# Master degree routes : Thesis or NON Thesis?



## 3John2 (Feb 12, 2012)

Just wondering ye all think is the best route for a university, non seminary, masters degree. Would that be with a thesis or non thesis route? In the long term for someone seeking to be employed as a teacher/professor which would be more beneficial & reflect a bit more positive on ones credentials? Sorry not sure if this has been covered before, I tried searching but way too many threads.


----------



## CharlieJ (Feb 12, 2012)

Thesis is usually seen as better than non-thesis, especially if one is applying for PhD work.


----------



## Bill The Baptist (Feb 12, 2012)

CharlieJ said:


> Thesis is usually seen as better than non-thesis, especially if one is applying for PhD work.

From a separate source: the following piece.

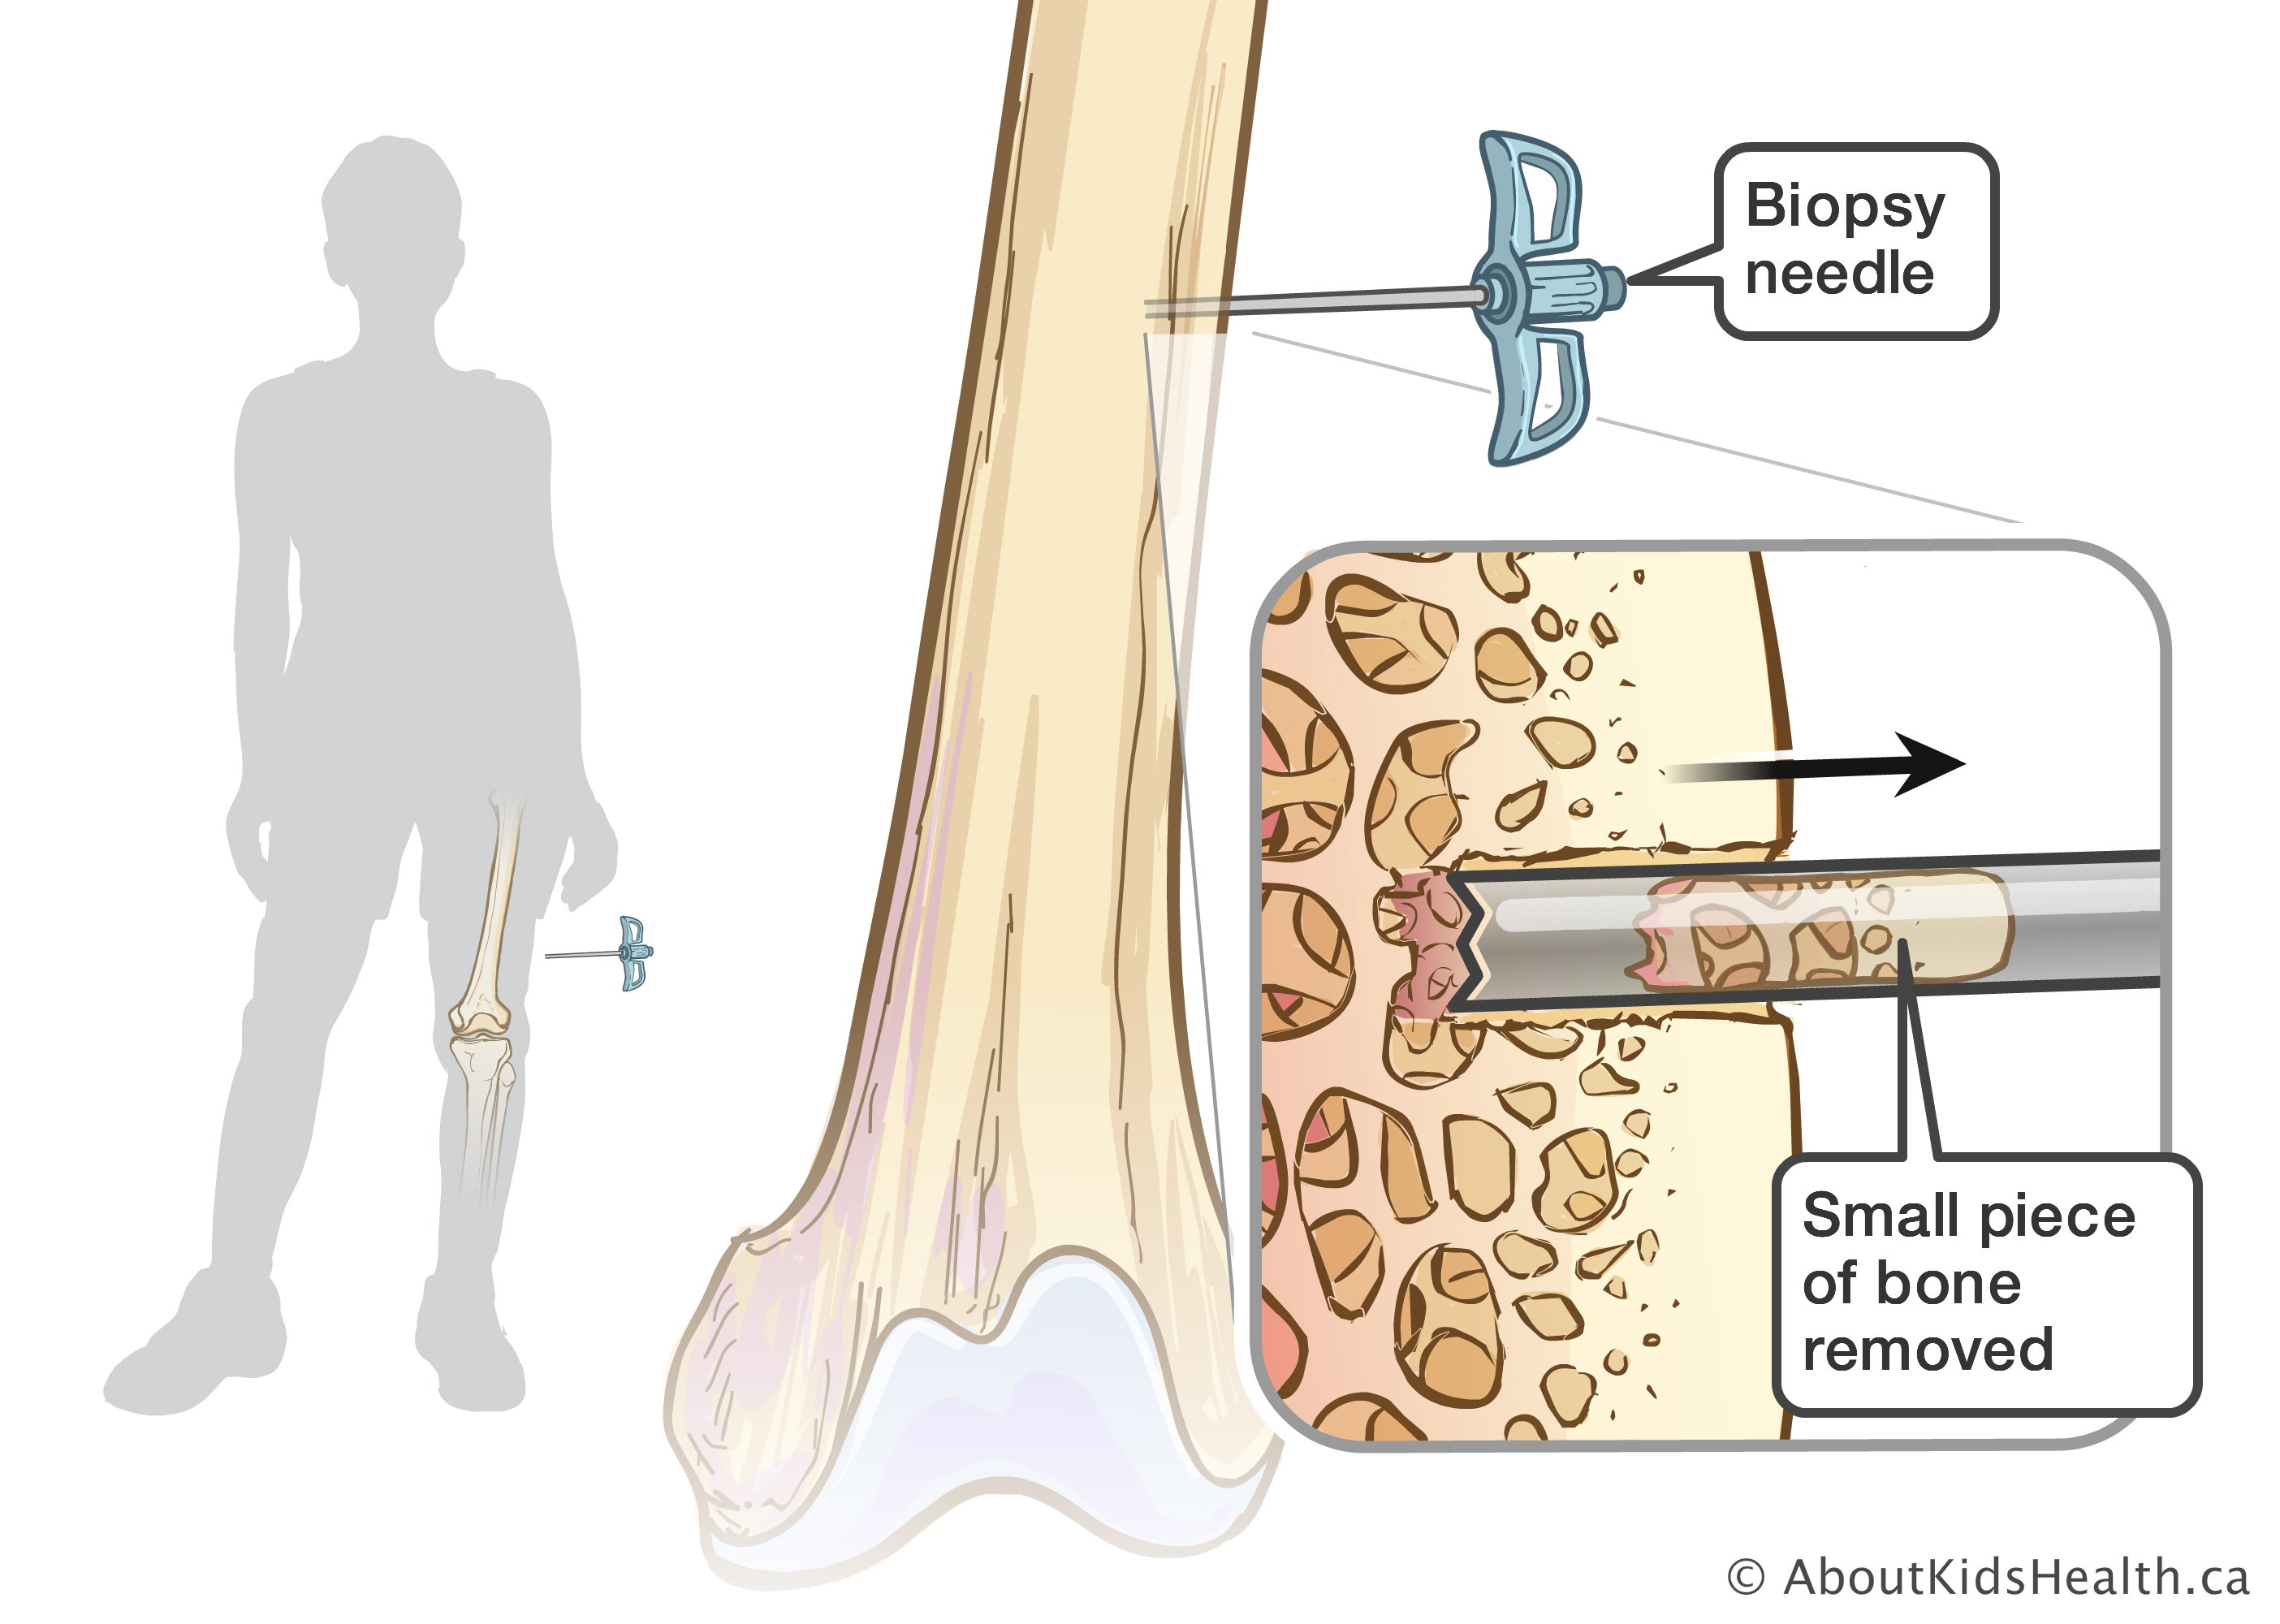 Bone biopsy using image guidance

 If you plan to pursue a PhD, then the thesis route is the way to go. If not, then it is not as important.


----------



## 3John2 (Feb 12, 2012)

That's what I thought but I'd figure I'd ask those with more wisdom to chime in on their views. Thanks again.


----------



## SolaScriptura (Feb 12, 2012)

What is the subject matter in which you are pursuing a Master's degree?


----------



## Tim (Feb 12, 2012)

If you want to go beyond a masters, the answer is undoubtedly: thesis.


----------



## 3John2 (Feb 12, 2012)

SolaScriptura said:


> What is the subject matter in which you are pursuing a Master's degree?



History.


----------



## John Bunyan (Feb 12, 2012)

3John2 said:


> SolaScriptura said:
> 
> 
> > What is the subject matter in which you are pursuing a Master's degree?
> ...




That's the same as my mother's, cool. What is your research project?


----------